This is the agenda we’ll go over. What is smart data link? I’ll go through concrete example of what [00:08:00] does it look like, the context awareness, and how you can do it while building the data lake, and some of the lessons learned from our experience, which hopefully you can correlate in what you are doing in your data lake or in your business, and then apply.

Data lakes. Data lakes, as we know, anytime we talk about data lake, we look into volume, velocity, variety. These are all important characteristics of where [00:08:30] is your single source of truth and how good your injection efficiency, and how robust your ETS are, what kind of technology framework and tools that you are using, and how you can enable your analytics visualization. And do you have discoverability using schema on read? What kind of specification you have, and then is it a stream first? Streaming batching? And how do you optimize operational costs? And then what kind of interfaces you have for accessing [00:09:00] your data, whether it’s a secret interface or some other interfaces. And then the data governments. Like, how do you have this data traceability or cataloging? And then data security and all that.
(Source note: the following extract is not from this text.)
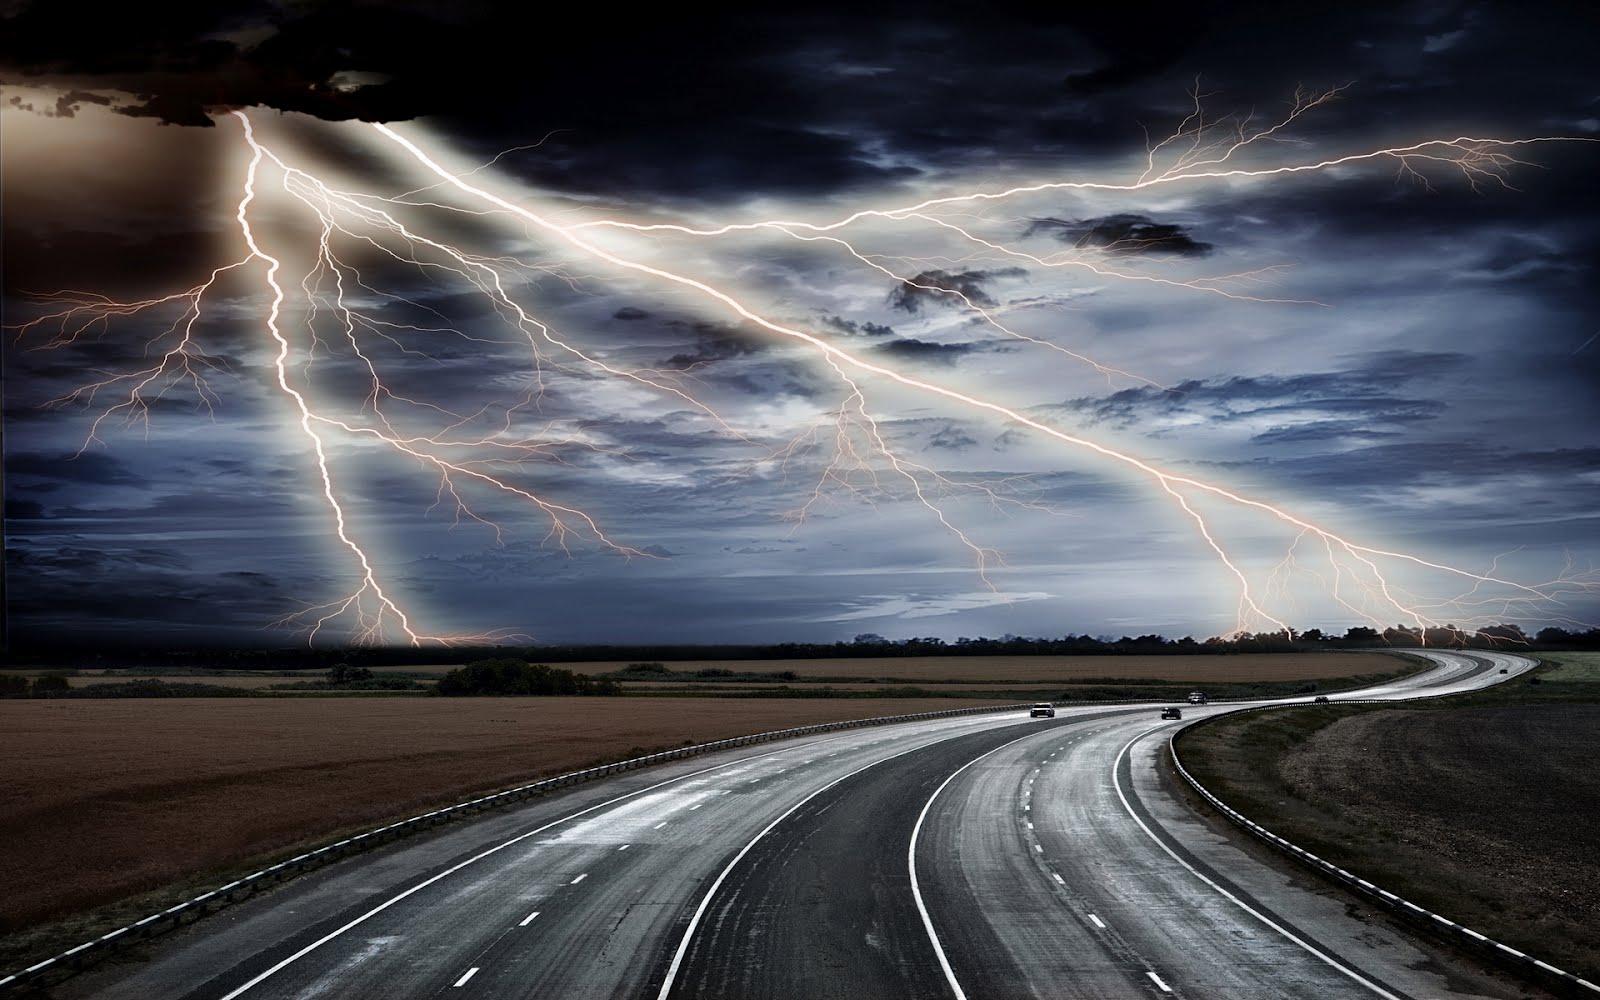 http://3.bp.blogspot.com/-ekspqRKQNmE/UEy2GhIC_gI/AAAAAAAAAUc/QUF2xLH51yA/s1600/lightning-bolt-hd-wallpaper.jpg
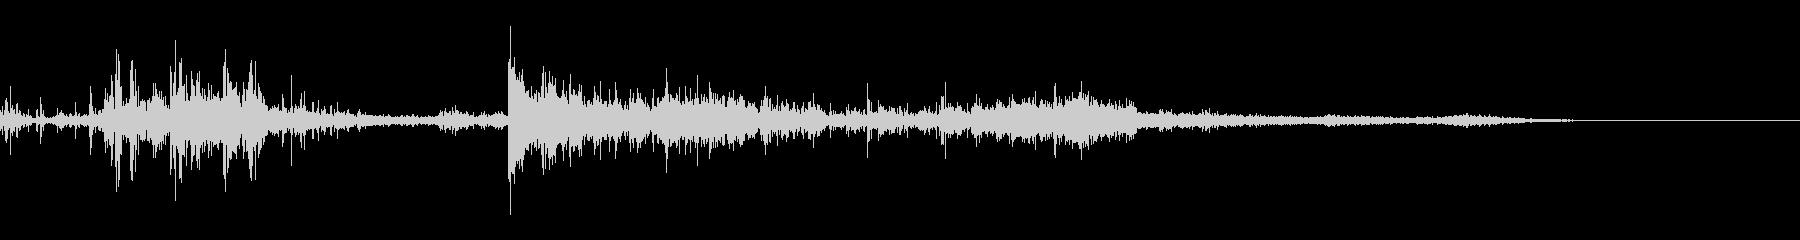 カミナリ(遠雷)-28の未再生の波形

These are all very important characteristics. Depending on your organization’s maturity level and also where you are in the journey of data lake building, you may be doing most of these are all of these, or I’m sure you may be having more than these also. These are some [00:09:30] characteristics which typically [inaudible 00:09:31]. But I want you guys to also have an additional lens, which is the context, how you can have this context awareness to your data while you are building.

Now let’s talk about this smart data lake. It’s good to see the interesting buzzwords, like smart, intelligent, cognitive, so on and so forth. Right? But it’s important to understand that what is it really smart here and [00:10:00] how are we defining. The frame of reference is so critical. So for us, smart data lake means it is helping deliver context aware semantic services. I will go through example of what this context awareness is, that provides you centralized governance, which includes stuff like following compliant to the regulations, and then the security, authentication, authorization, data principles, so and so forth. And data democratization [inaudible 00:10:30].

[00:10:30] Typically, in a organization, there are different center of excellences that may have been created, who offer or who’ll provide services. If you have the data democratization, then the different services they can decorate or have the data connectivity so that you can provide better enrichment, which can accelerate your innovation as well as expand your business models. And all this with enough governance, [inaudible 00:10:59] [00:11:00] is what you need to provide.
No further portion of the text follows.